A Not Completely Happy Warrior: On Samuel Freedman’s “Into the Bright Sunshine”

WHEN MINNEAPOLIS erupted in protest after George Floyd’s murder in 2020, the scale of unrest may have surprised some. Though it’s a liberal city, Minneapolis is not widely known as a hub of social justice organizing when compared to Selma, Birmingham, and other flashpoints of the 1960s Civil Rights Movement. But in his gripping new biography, Into the Bright Sunshine: Young Hubert Humphrey and the Fight for Civil Rights, journalist Samuel G. Freedman reminds us that the city has long been a hotspot for struggles against racism.
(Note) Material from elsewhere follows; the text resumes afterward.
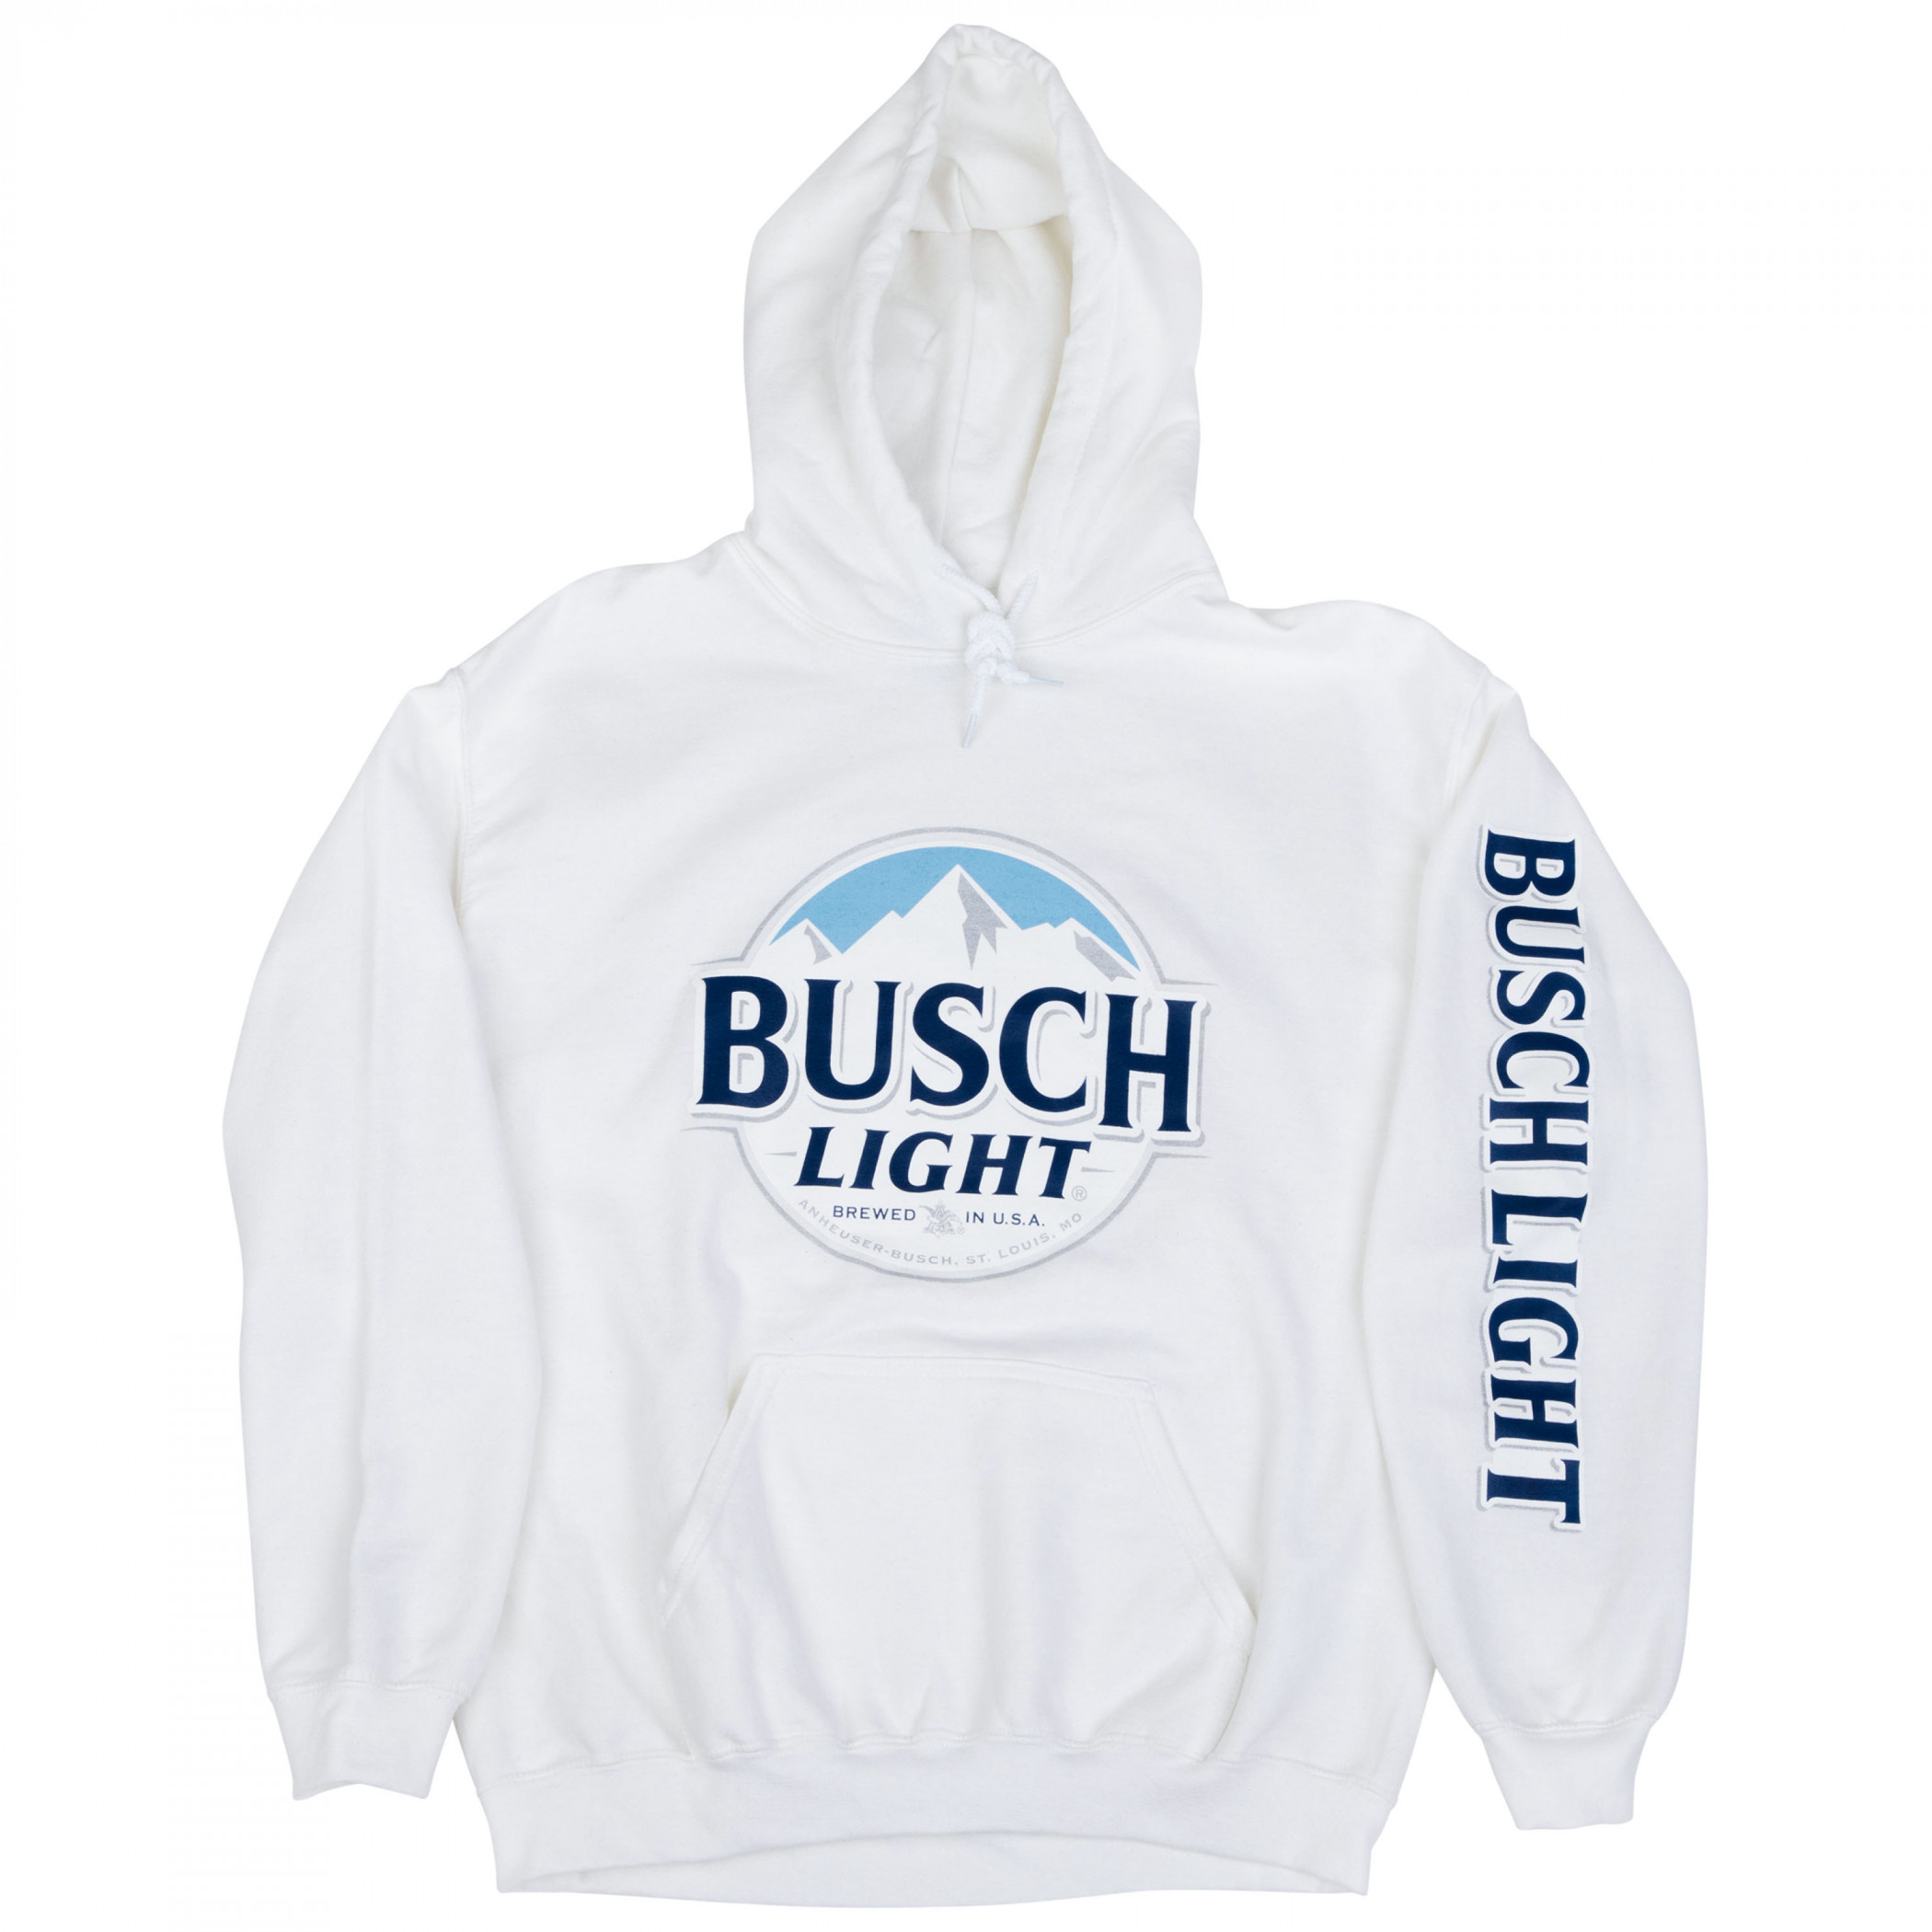 Busch Light Beer Logo White Colorway Hoodie | Brew-Shirts.com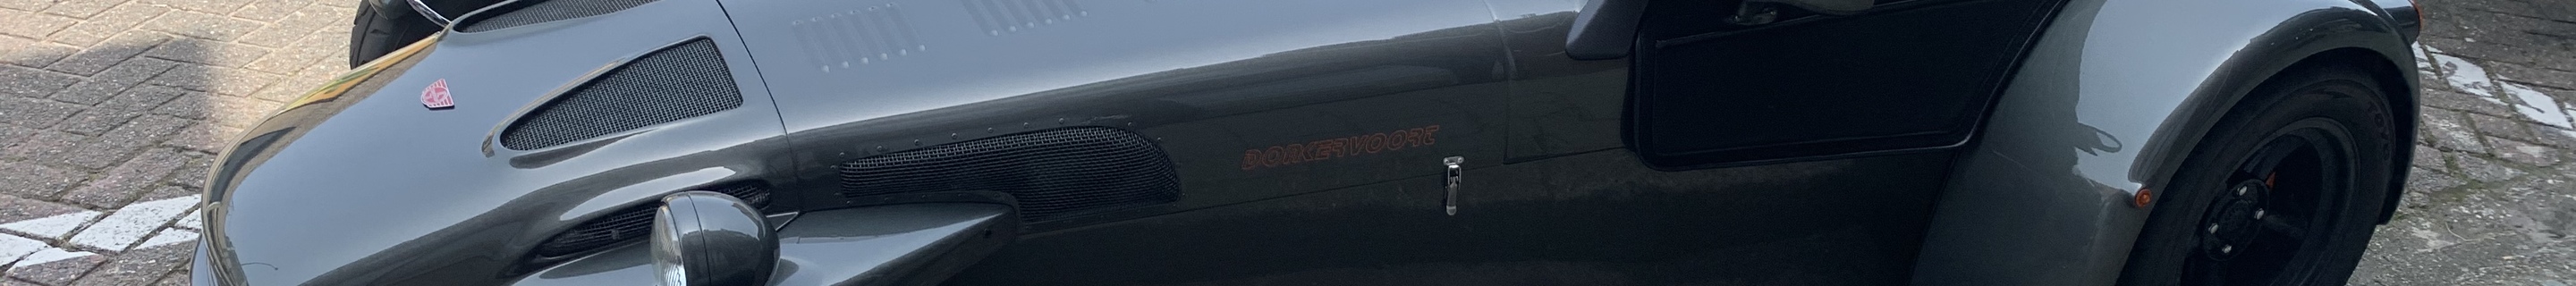 Donkervoort D8 270 RS

Northern cities had their own brand of Jim Crow, often misleadingly described as “de facto,” which was imposed not by statute but through housing covenants and blatant discrimination by businesses and public officials. Mob violence was another factor. The hostility in Minneapolis extended to both African Americans and Jews, who, despite their miniscule numbers, launched vigorous movements for equality. A young city politician named Hubert Humphrey was listening.

Freedman seeks to salvage Humphrey’s legacy from his resounding loss in the 1968 presidential election, when his loyalty to Lyndon Johnson’s unpopular war in Vietnam divided the Democratic Party and allowed Richard Nixon to end nearly a decade of liberal dominance in Washington, DC. A professor at Columbia University, former columnist at The New York Times, and author of eight well-received books focused on Jewish and African American history, Freedman contends that this memory has masked the critical leadership that Humphrey provided on civil rights, most prominently by convincing delegates to the Democratic National Convention in 1948 to adopt a platform endorsing federal action against lynching, school segregation, and employment discrimination—all of them issues that Northern Democrats had previously equivocated on to avoid a confrontation with their Southern wing.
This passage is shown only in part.